____ DATASET ENTRIES

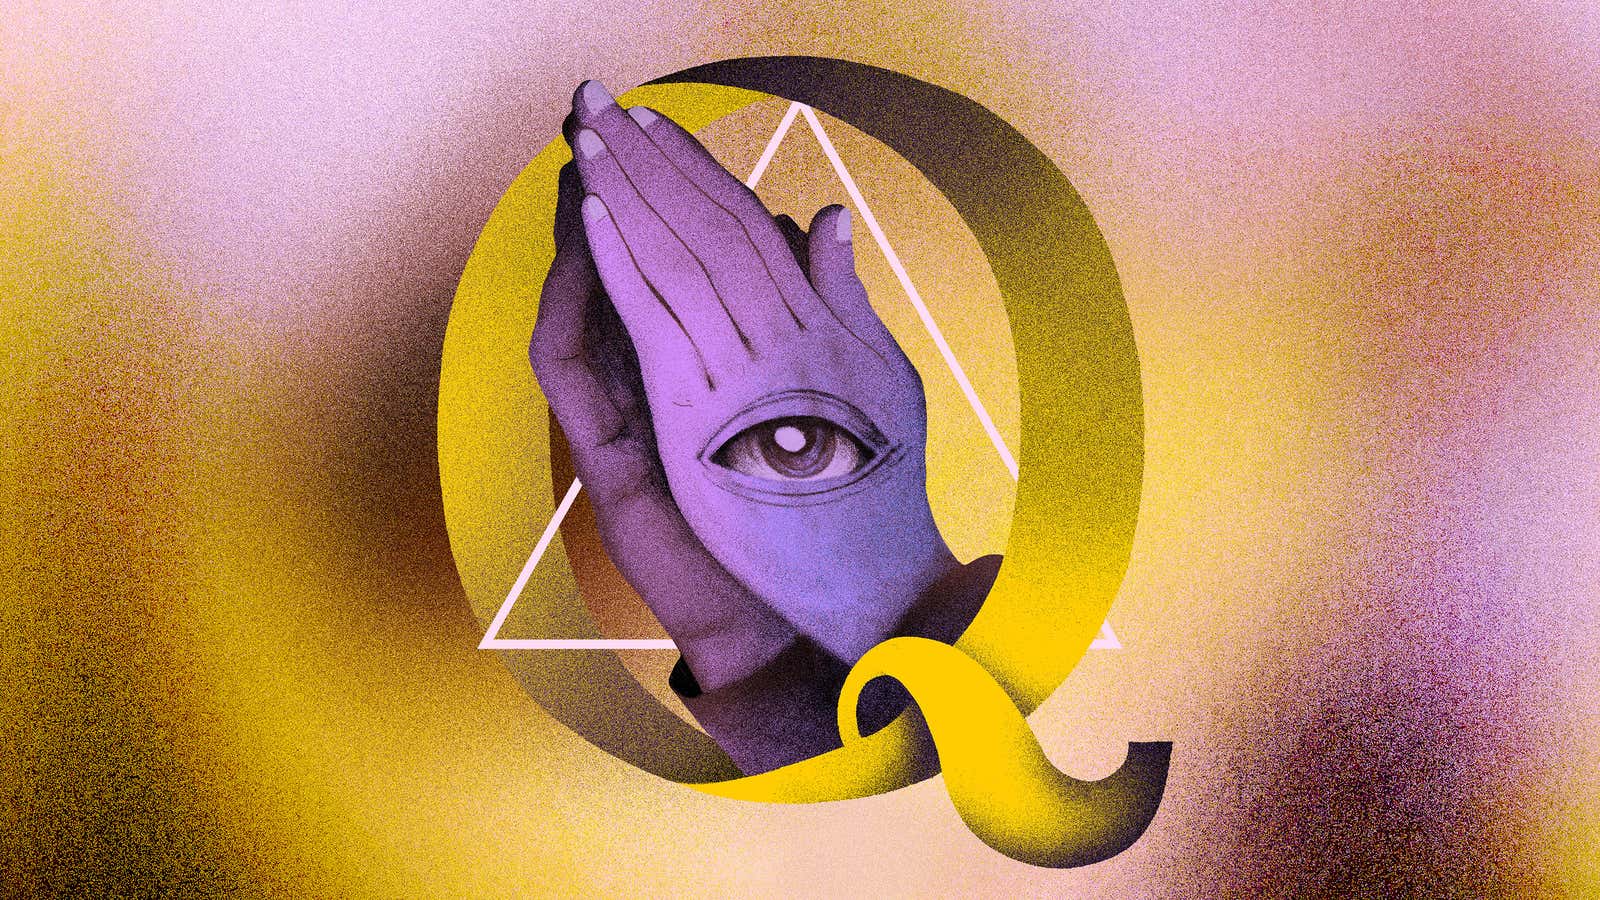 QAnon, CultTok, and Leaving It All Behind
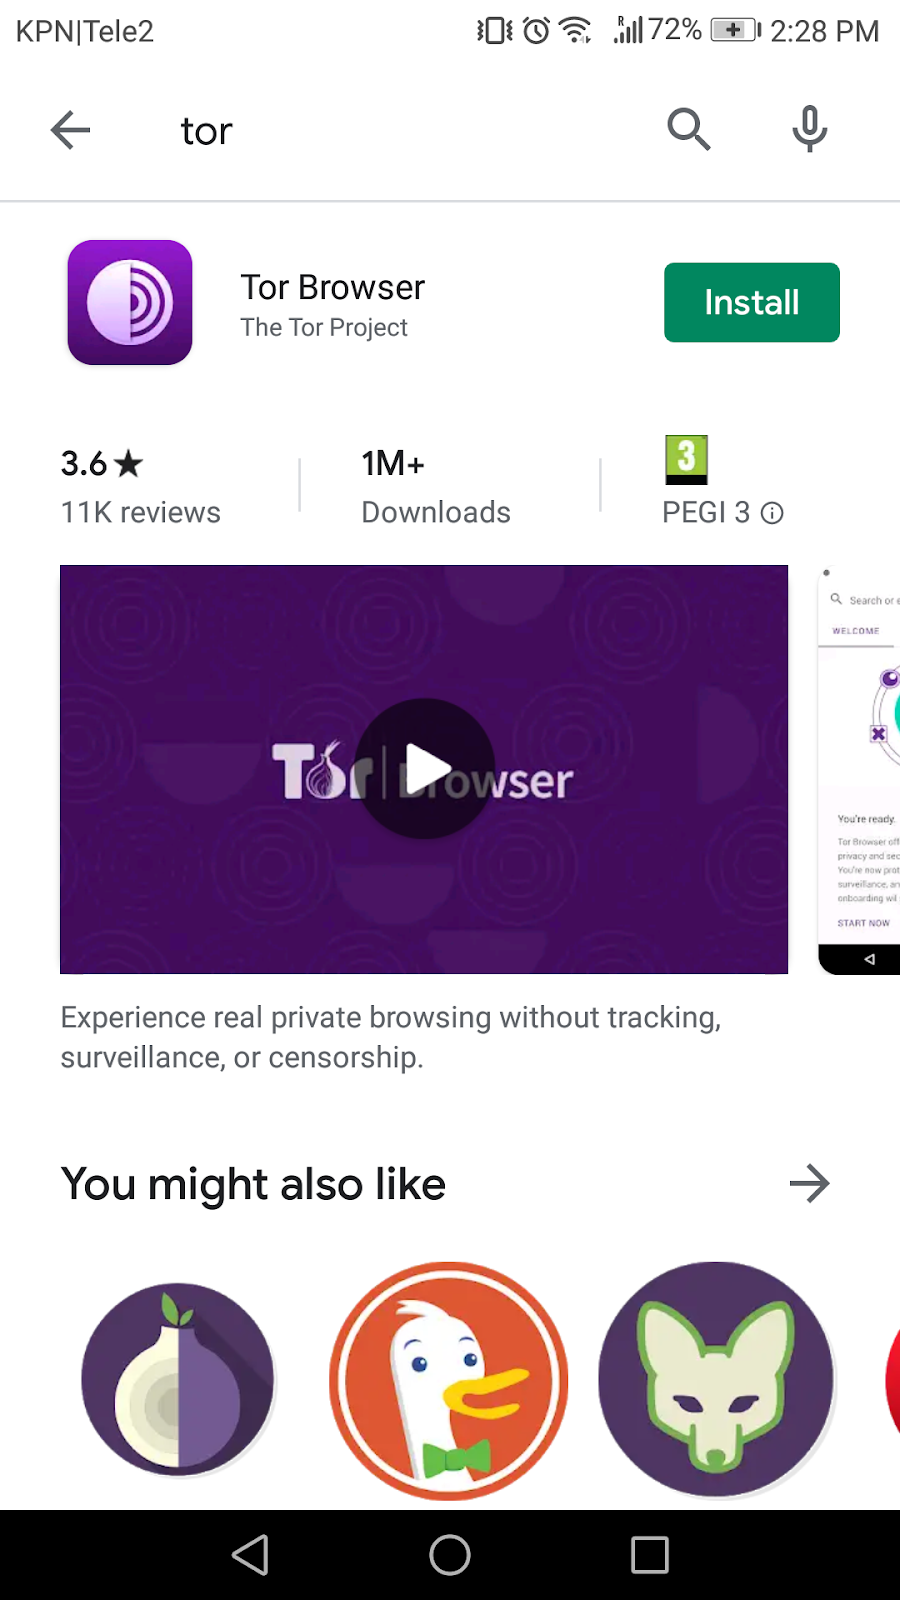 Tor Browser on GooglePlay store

________
____ DATASET ENTRIES

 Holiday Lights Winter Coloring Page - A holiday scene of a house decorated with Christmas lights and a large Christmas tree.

________

_TASK_
The lines above from the line with "QAnon, CultTok, and Leaving It All Behind" through the line with "Tor Browser on GooglePlay store" are to be given again word for word, with no pictures among them.

_WRITTEN SOLUTION_
 QAnon, CultTok, and Leaving It All Behind
 Tor Browser on GooglePlay store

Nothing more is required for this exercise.